Just to revivify this discussion, ostensibly about "Genius", I would like to add that I believe the word "Genius" does not float much meaning anymore except as a SOCIOLOGICAL category or label. It is synonomous which such labels as "intelligent", "smart", etc.etc. There is no essential metaphysically-discrete unit which one can use as an indicator of "Genius". In genealogy the word originated as a term for spirit, usually the spirit of a place. It indicated a sort of creative, or formative potential...not really an abstract, mind-like entity. I think it best now to drop this argument about the 'label' genius and to have everyone turn for themselves into an inner-experience of thinking. Is not all thought, given attention and allowed to express itself in consciousness, an expression of creativity?
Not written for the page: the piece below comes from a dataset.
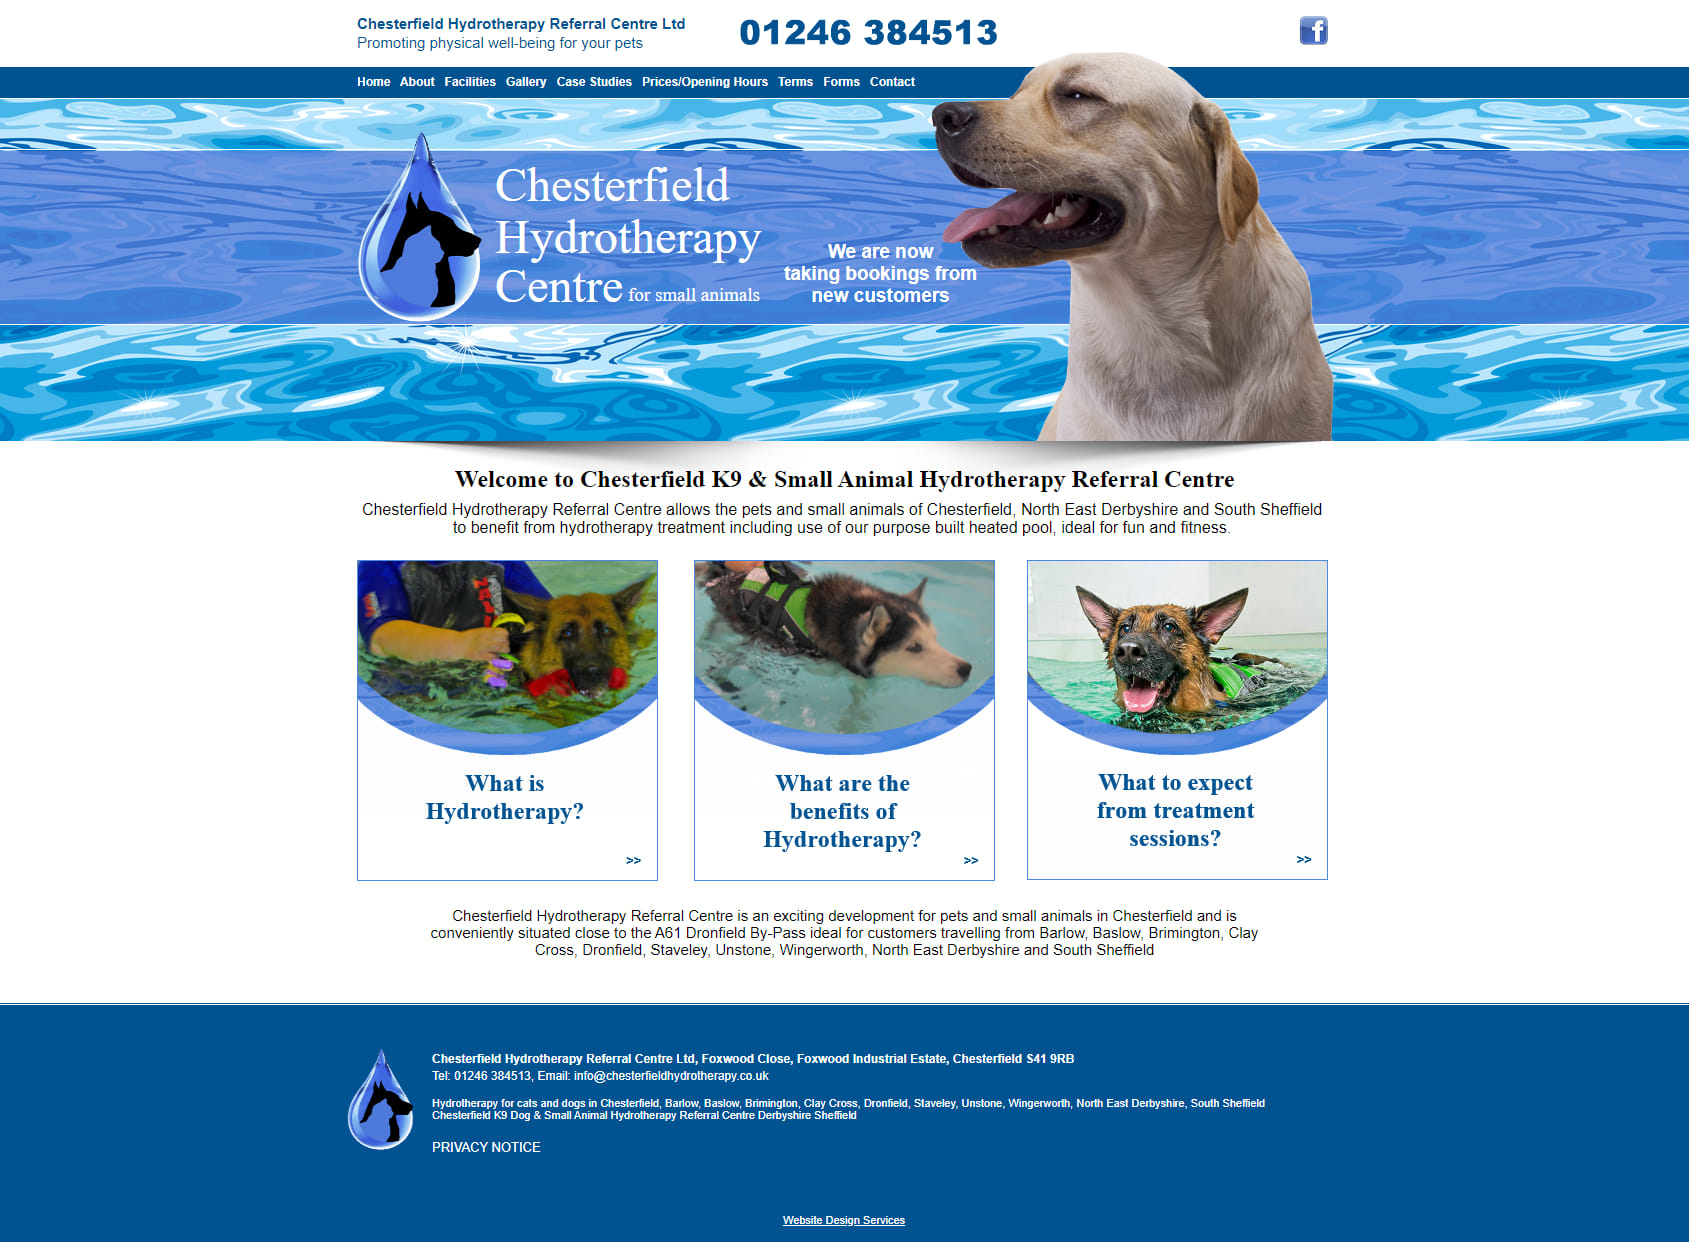 Chesterfield Hydrotherapy Referral Centre

What is called thinking, for that matter? Do we not experience, in our 'problem-solving', breakthroughs of reorientation when some pattern, or meta-pattern has seized our consciousness, illuminating the phenomena-as-a-whole? How do we phrase this in terms of predication, of cause-and-effect? Is it I created this thought, thus, or this thought created I? Can one say that it is both, and still maintain that 'intuitive' sense of knowing- does it account for the phenomena at hand? If we are to speak of I, do we not need a more implicit recognization that is not a static, metaphysical entity?
And finally, to deconstruct this grammar still more: Is it not an error of grammatical predication that we assume that some 'appearance' requires behind it that 'which-is-appearing', or the creator-in-itself (i.e. does the chain of causality, conceived in our prevalent usage inevitably lead to the trap of the Causa Sui, or the final, or original Cause, from whence the notion of the creator deity arises?)?

If one slowly reflects on the above, and in the spirit of experimentation enters into their own experience of thinking, it will bring about the beginnings of a reordering of linguigrammaticosemantic- there's a word for you-- awareness which can lead to the beginnings of freedom and liberation in thought and experience. I firmly believe, as a matter of my own experience, that the riddles of that elusive nature which we deem "genius" begin to manifest from that freedom. The creative potential liberates itself from unconscious conditioning.